Why women get depressed at Christmas
It’s hard to create a magical Christmas if you are feeling stressed and depressed. Many dread the whole festive period, which now starts in November.
A commercial juggernaut, heralded by Black Friday and Cyber Monday, amplified by glossy adverts full of happy people spending lavishly.
Social media heaps peer pressure onto already burdened shoulders, urging us to keep up with family, friends and neighbours. It doesn’t have to be this way. There is an alternative Christmas.
Why Christmas doesn’t have to be perfect
This is a Christmas that doesn’t add to the annual spend-fest on presents, estimated at being around £700 million, of which about £45 million ends up in landfill.
It starts by changing your mindset. Ignore what society tells you to do or what you think everyone else is doing.
Set a budget (and keep to it)
The single biggest reason for overspending at Christmas is a desire to please the kids, to give them the perfect Christmas.
There is also the wider peer pressure of family and friends. Draw up a list of who you are going to buy for and how much you are going to spend on each person.
Include a budget for entertaining – inviting friends and family over for dinner can be a significant cost.
Involve the whole family
It’s awkward discussing money, but if you tell them you only have a set budget to spend, they will understand.
Perhaps when they come for dinner they can bring a dish – and exchange a token present that won’t embarrass anyone.
Encourage them to understand that Christmas shopping is not about how much you spend, it’s about how you spend what you have – and not going beyond your means.
The thrill is in the hunt, in finding something original, that a click on Google can’t deliver.
Something that might not be brand new.
Look for nearly new
A hunt that starts in the charity shops and at car boot sales.
Look for nearly new. The all-encompassing eBay is a rich source, and niche sites such as bookshop.org are a great alternative to Amazon.
Everyone is on the same wavelength and most people understand that you should only spend what you have.
Only spend what you have
This means not using your credit card or taking out a loan. The interest rate on these can be crippling.
Getting through Christmas on credit is the quickest way of getting debt shock in January – and adversely affecting your credit record.
Instead, plan ahead. Try starting a Christmas fund as early in the year as you can.

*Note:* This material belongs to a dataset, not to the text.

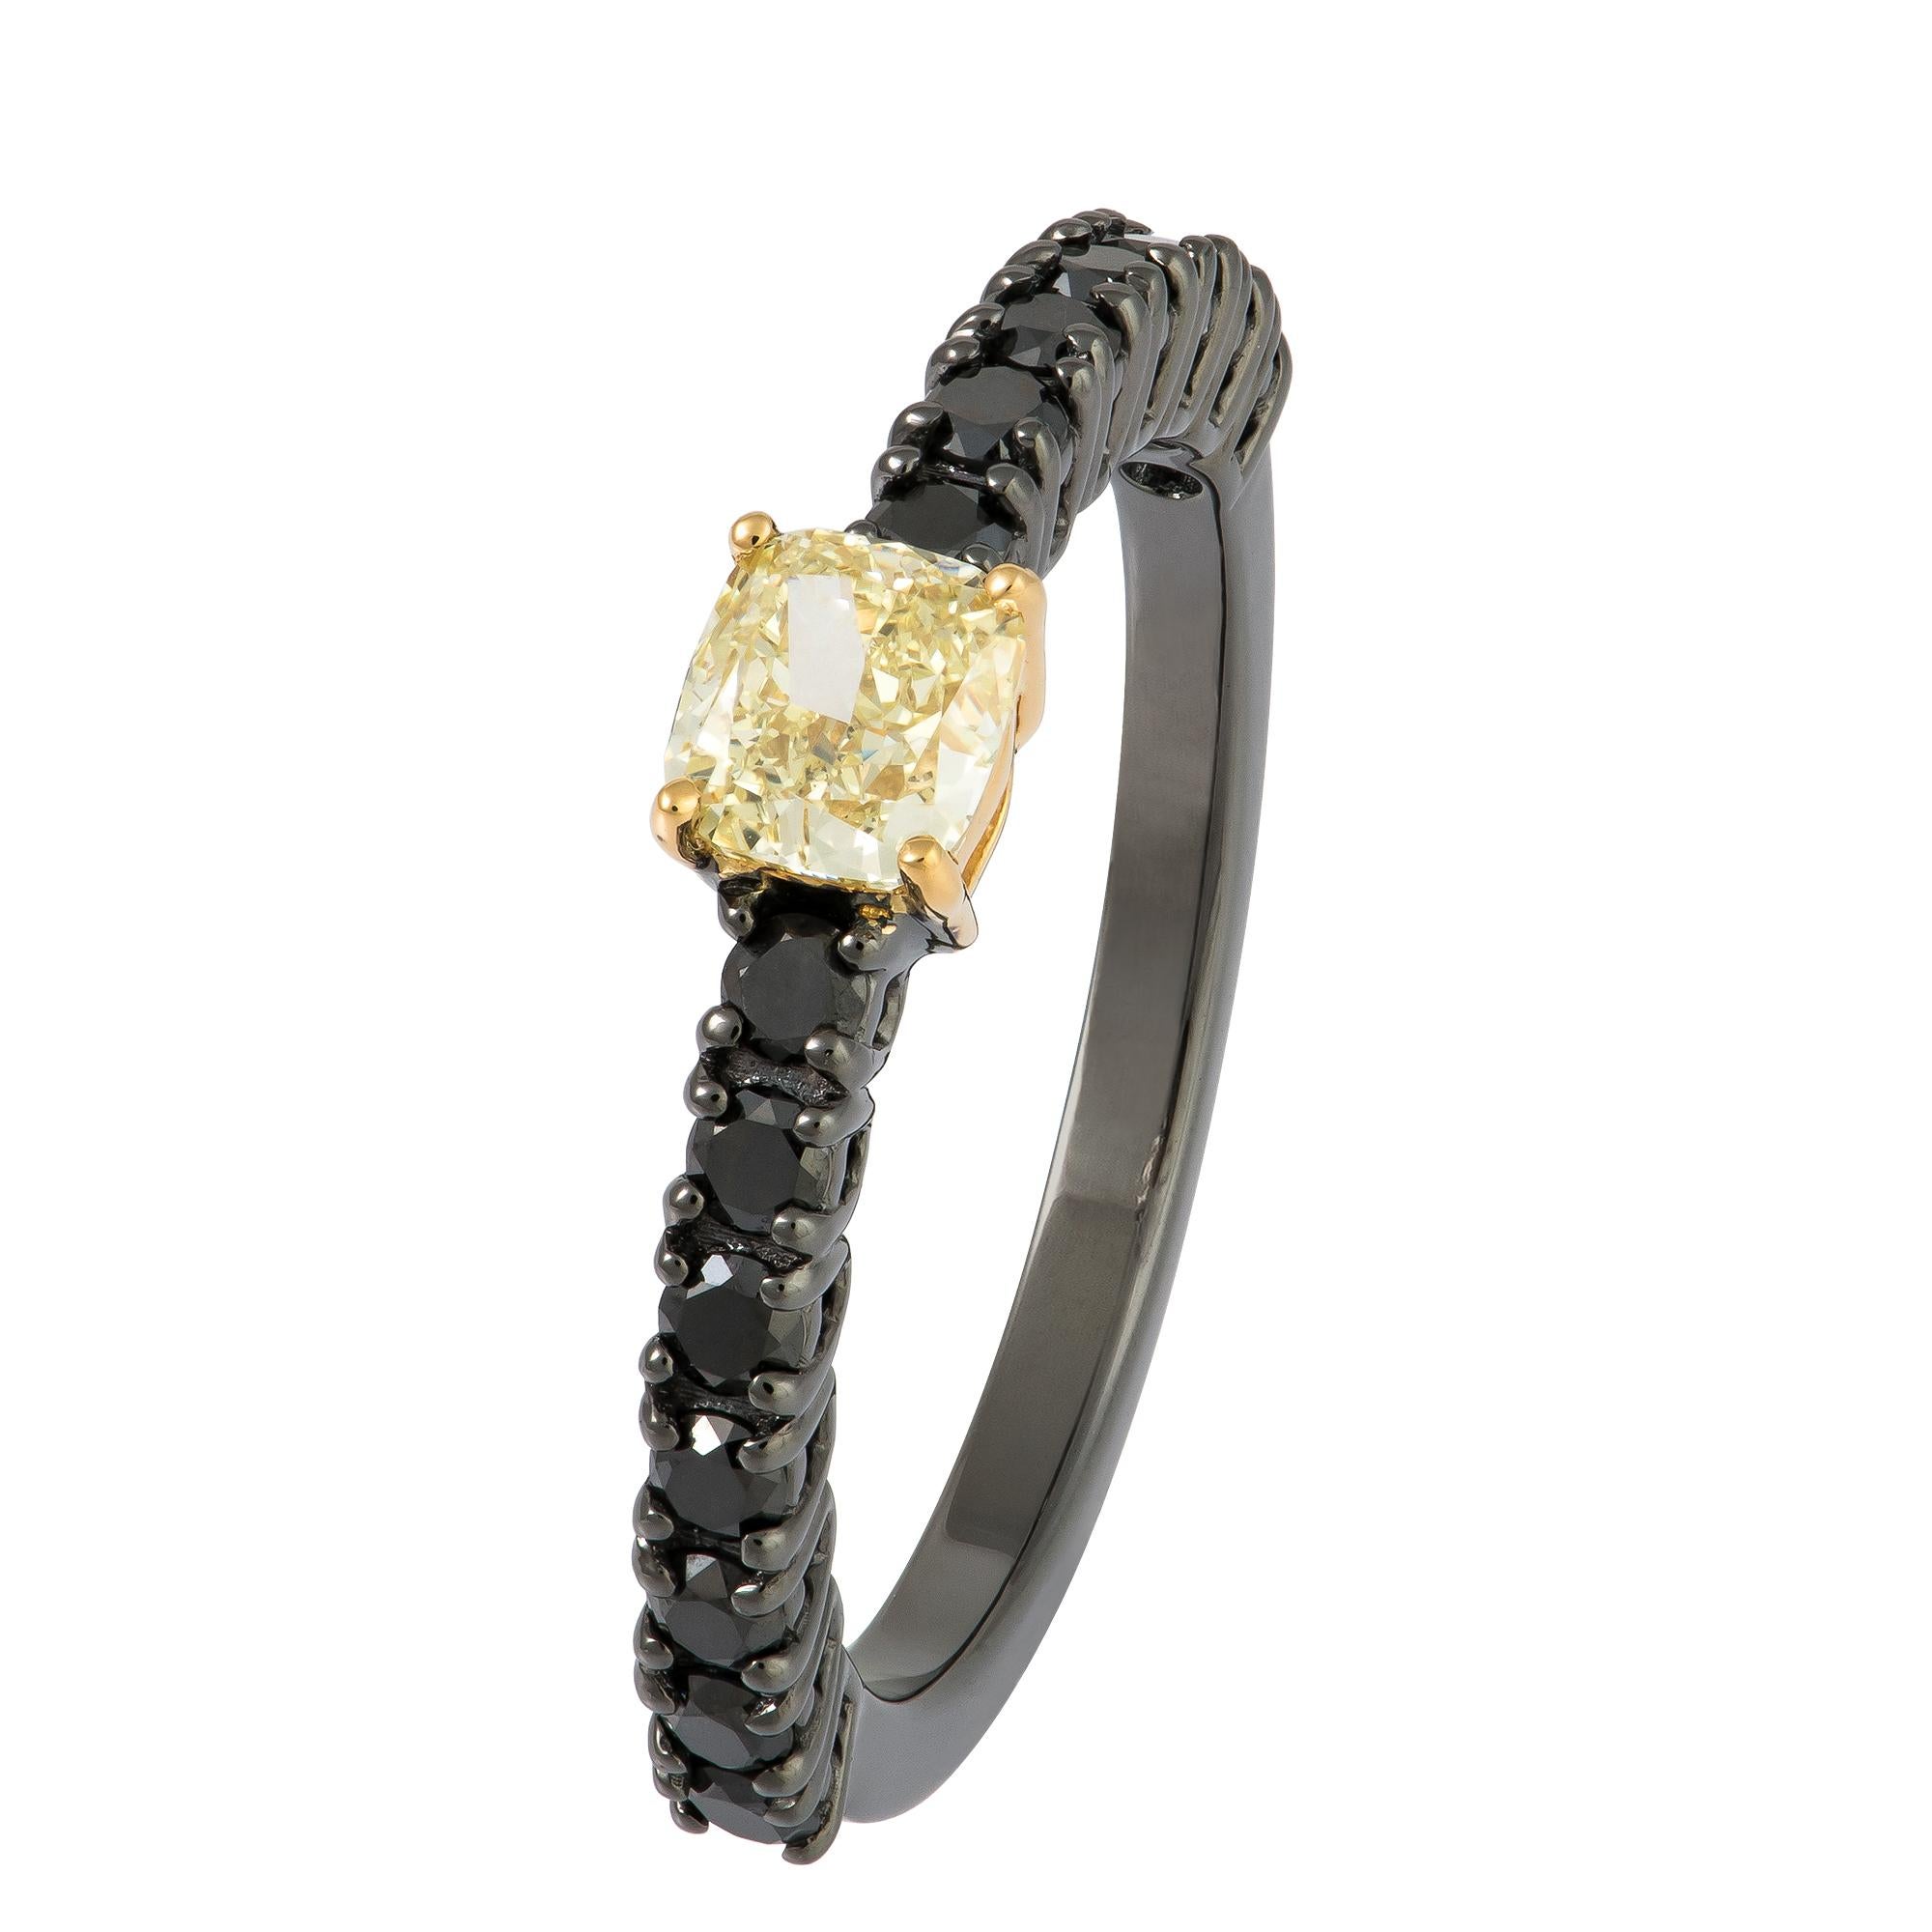 The Following Item we are offering is a Rare 18KT Gold Rare Fancy Yellow Diamond Black Diamond Ring. Beautifully comprised of Finely Set Gorgeous Yellow Diamond and adorned with Shimmering Black Diamonds!! T.C.W. Approx 1CT.  This Gorgeous Ring is a

If you’re reading this in December, plan for next year but keep to your budget this year.
Spread the cost
Instead of joining everyone else for a stressful, one hit present-buying spend at Christmas, why not spread the cost evenly throughout the year, starting with the January sales.
Smart budget hack
January sales are a great source of discounted gift ideas and essentials for next Christmas, including decorations and wrapping paper.
The best presents can be free
For most of us, our best childhood memories at Christmas are from the build-up.
Who can forget decorating the Christmas tree, going to see the Christmas lights with mum and dad, everyone bunching up on the sofa to enjoy a Christmas movie classic.
These interactive ‘gifts’ are timeless and most cost little or nothing. Santa could fill his sleigh with ideas that are free.
A sack full of ideas that might include one for mum – one that dad and the kids could give her.
A Christmas gift for mum
Remember to tell the family that you need ‘me’ time. Time alone, time to go for a walk, have a long relaxing bath or escape with a girlfriend for a coffee.
Make sure that the family shares the burden where they can – let them share in everything that makes Christmas a success: the planning, the cooking, the shopping.
Your family need to help you, but you also need to help yourself.
Bonus tips for a stress-less Christmas
You can help yourself by taking small, but significant steps:
- You can’t please everyone all the time, so don’t try.
- Detox from social media over the Christmas period and banish the demons of social comparison.
- Streamline your social calendar over the festive period to what you can cope with.
Christmas is still going to be stressful. Depression doesn’t disappear overnight, however carefully you plan, but setting a budget and talking to family and friends can make a huge difference both to Christmas and the New Year.
Remember, Christmas is not about spending money, it’s about spending time with those you love.
Start now, be kind to yourself, and have a Happy Christmas.